# Restoring faded / UV damaged plastic headlights a short guide.



## 91davidw

A little guide to help anyone wanting to restore their faded / UV damaged plastic headlights.

Mk3 Vauxhall Astra

Passenger side headlight










Close-up of the cloudy plastic










Taped off the paintwork to protect it when sanding and machining.
Couldn't find any masking tape so used duct tape instead, as it's very sticky I stuck it to my jumper first before sticking it on the paintwork as it would be easier to remove later.










Used 3m Aluminium Oxide Coated wet and dry for the sanding.
This is very fine, you could use 2000, 2500 or 3000 grit wet and dry but it would probably take abit more machining to remove any sanding marks.










Wet and dry soaked in a bucket of soapy water.










Started sanding in circular motions










Finished sanding in straight lines across the headlight.










Buffing the headlight I used a medium spot pad and Menzerna Intensive Polish but you could use any cutting polish really, 3m, Meguiars, Scholl, Sonus even t-cut will work.
Even heard toothpaste works but I give trying that a miss.










A few drops of polish on the pad and start buffing the headlight, I used the slowest speed on the Milwakee which is about 900rpm as to not generate to much heat. 
Three or four passes were enough to refine the finish to a standard I was happy with.










The finished restore headlight.


















I was in no hurry and stopping to take photo's probably ate up abit of time but say about 30 minutes to do one headlight.

A few other headlights I have restored.

Honda CRV headlights


















The owner of this Merc SLK was going to buy new headlights until I restored them for her.


































Mk5 Golf, you can see at the top of the headlights that are covered by the bonnet are perfect and the rest of the headlight is faded from sunlight UV damage.


















































To protect the headlights I apply Collinite Liquid Insulator Wax 845. The Astra lights have been done over a year and no signs of them fading again.
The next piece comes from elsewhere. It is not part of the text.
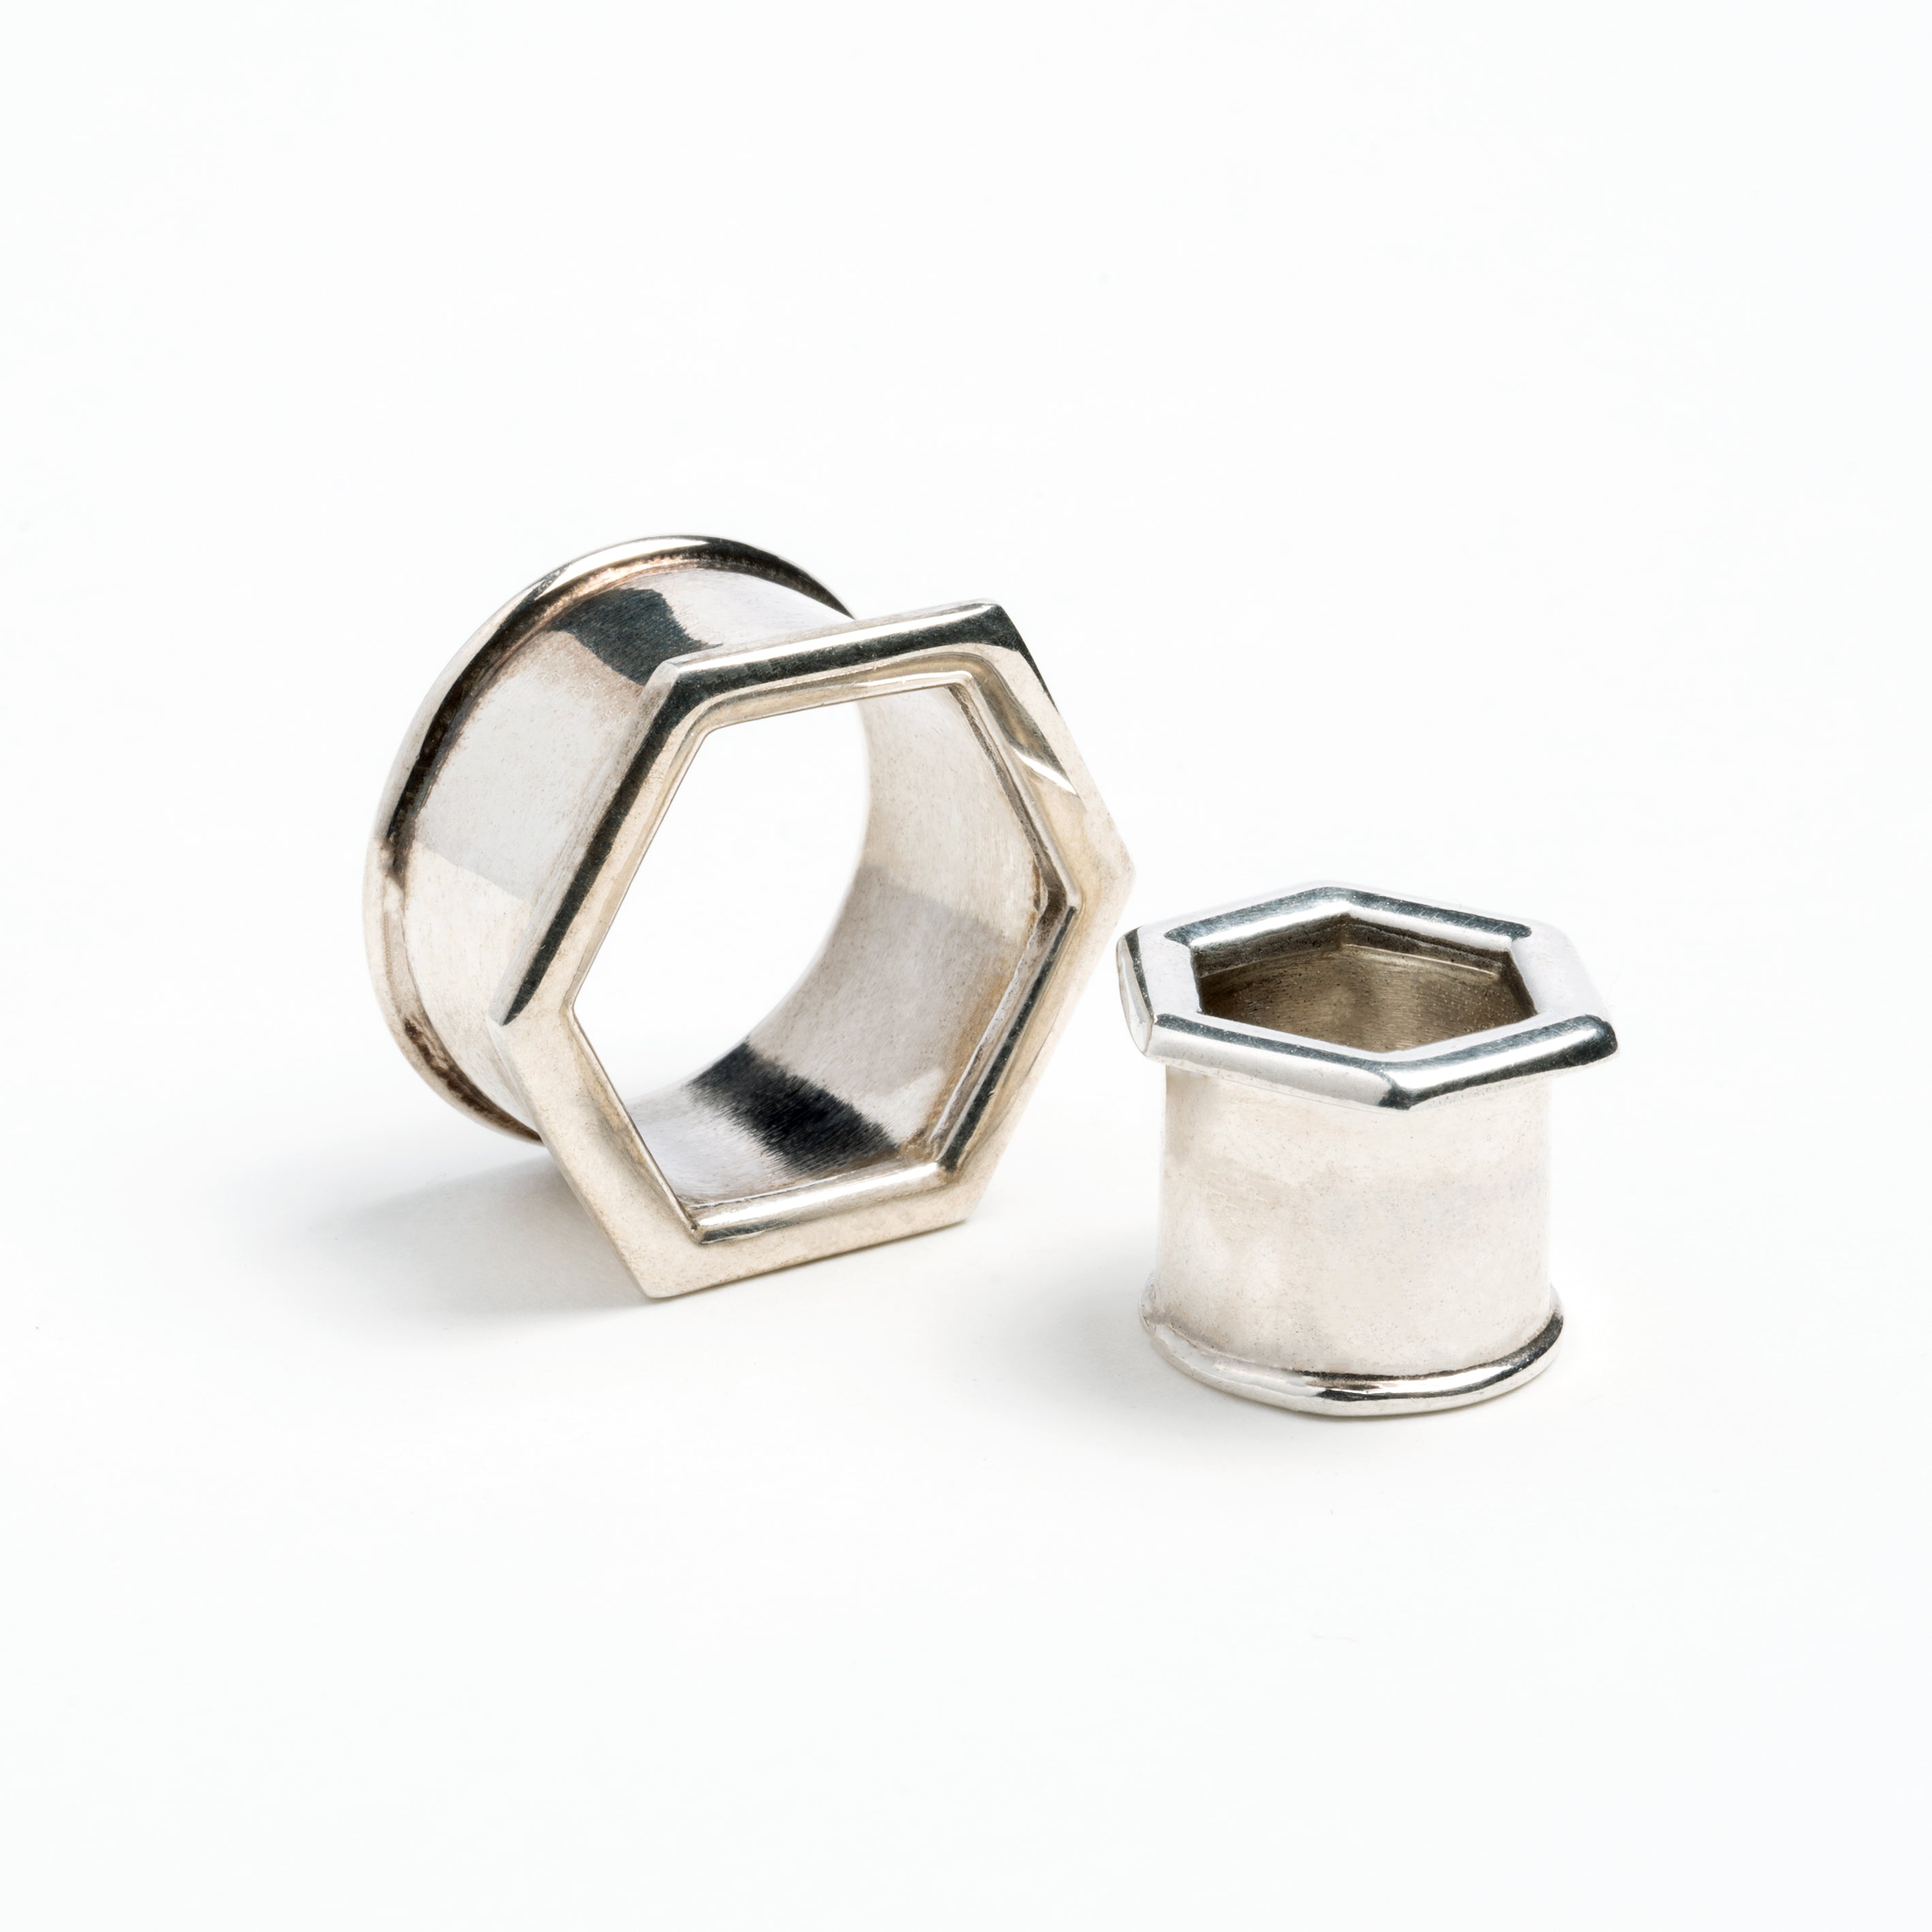 two sizes of hexagon ear tunnels front and side view 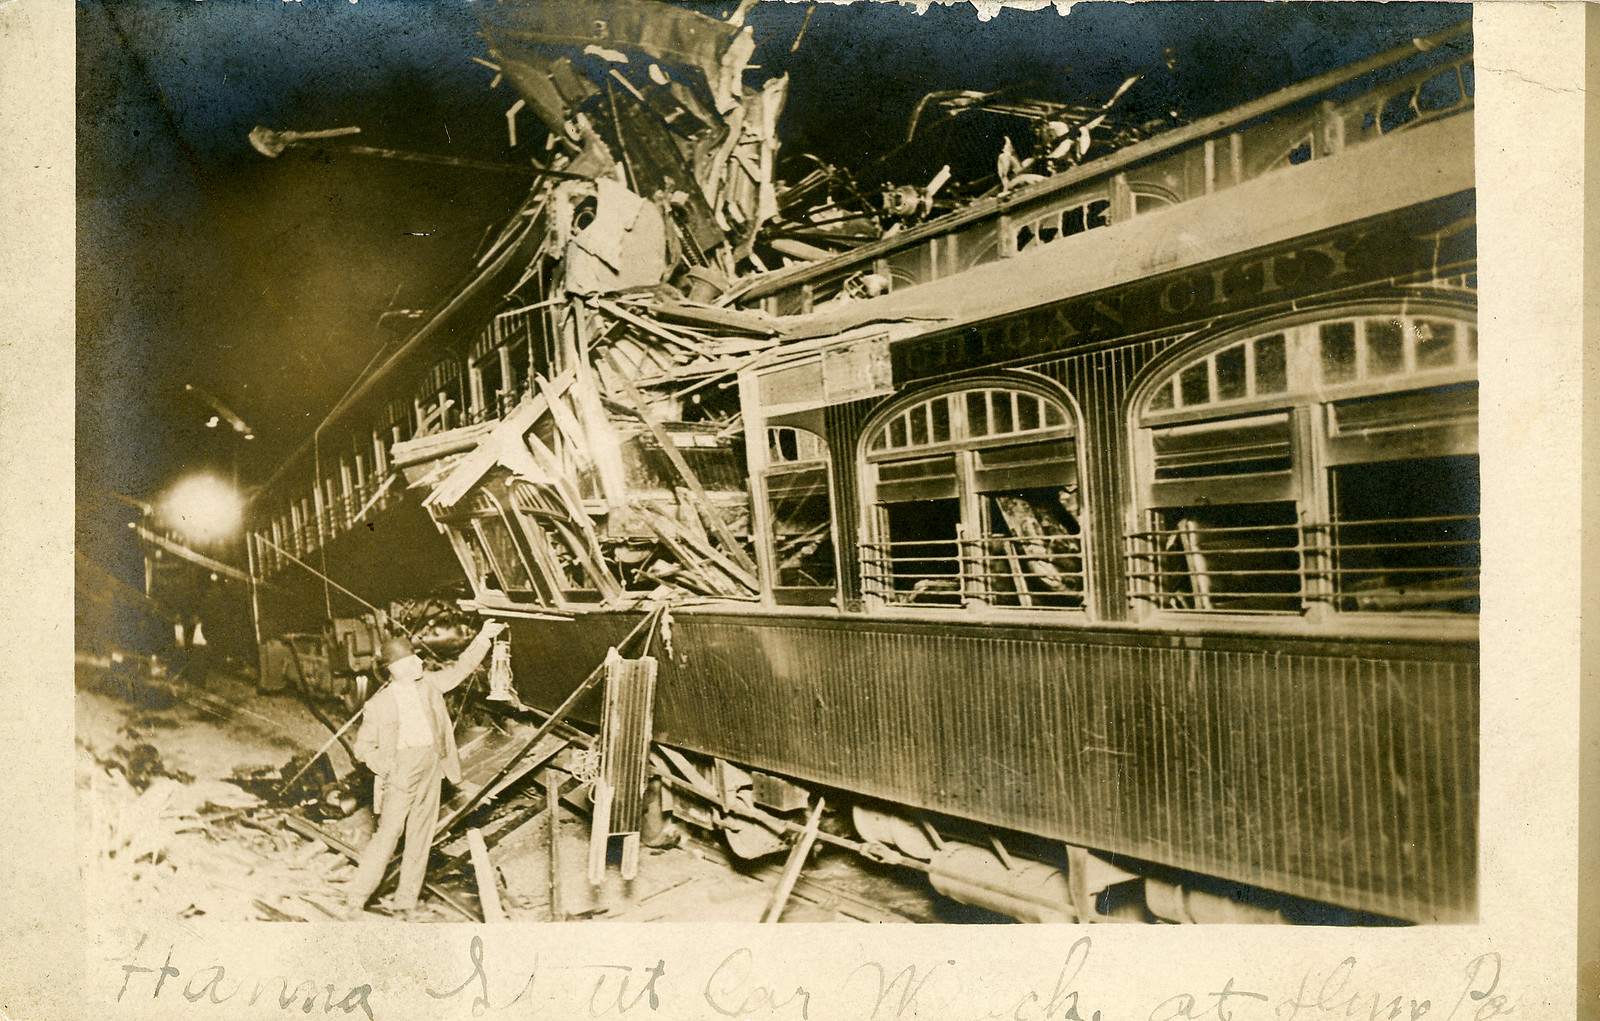 Chicago, Lake Shore & South Bend Railway Wreck, June 19, 1909 - Porter, Indiana

Hope this is some help to anyone wanting to restore their own headlights or taillights.

Cheers 
David


----------



## ihs0201

Nice work :thumb:


----------



## st1965

Lovely job mate...well done


----------



## MGJ92

Great guide, thanks! Going to try this soon.


----------



## LSpec

did you use any UV protection after restoring?


----------



## suspal

Nice work,however I've never sanded in a circular motion.


----------



## Kenan

Brilliant guide, on my list of things to do.

You say about the toothpaste, my farther in-law told me he was going to try this and I left him to it as he had his mind made up. Next time I was round there he showed me the results and to my dis-belief the headlights were looking much better, not to detailing world level but very presentable for the average Joe.


----------



## slim_boy_fat

Good job!! :thumb:

My heart was in my mouth when I started on mine, but it turned out I was worrying about nothing  - well, apart for the £1000 replacement cost of a new unit if it all went pear shaped. :doublesho


----------



## Rían P

A great guide! Easy to follow, and to the point.

Thanks for sharing :thumb:


----------



## LeeH

So what grit paper did you use? Or is the Au oxide just 1 type?


Sent from my iPad using Tapatalk Pro


----------



## mb1

nice work.


----------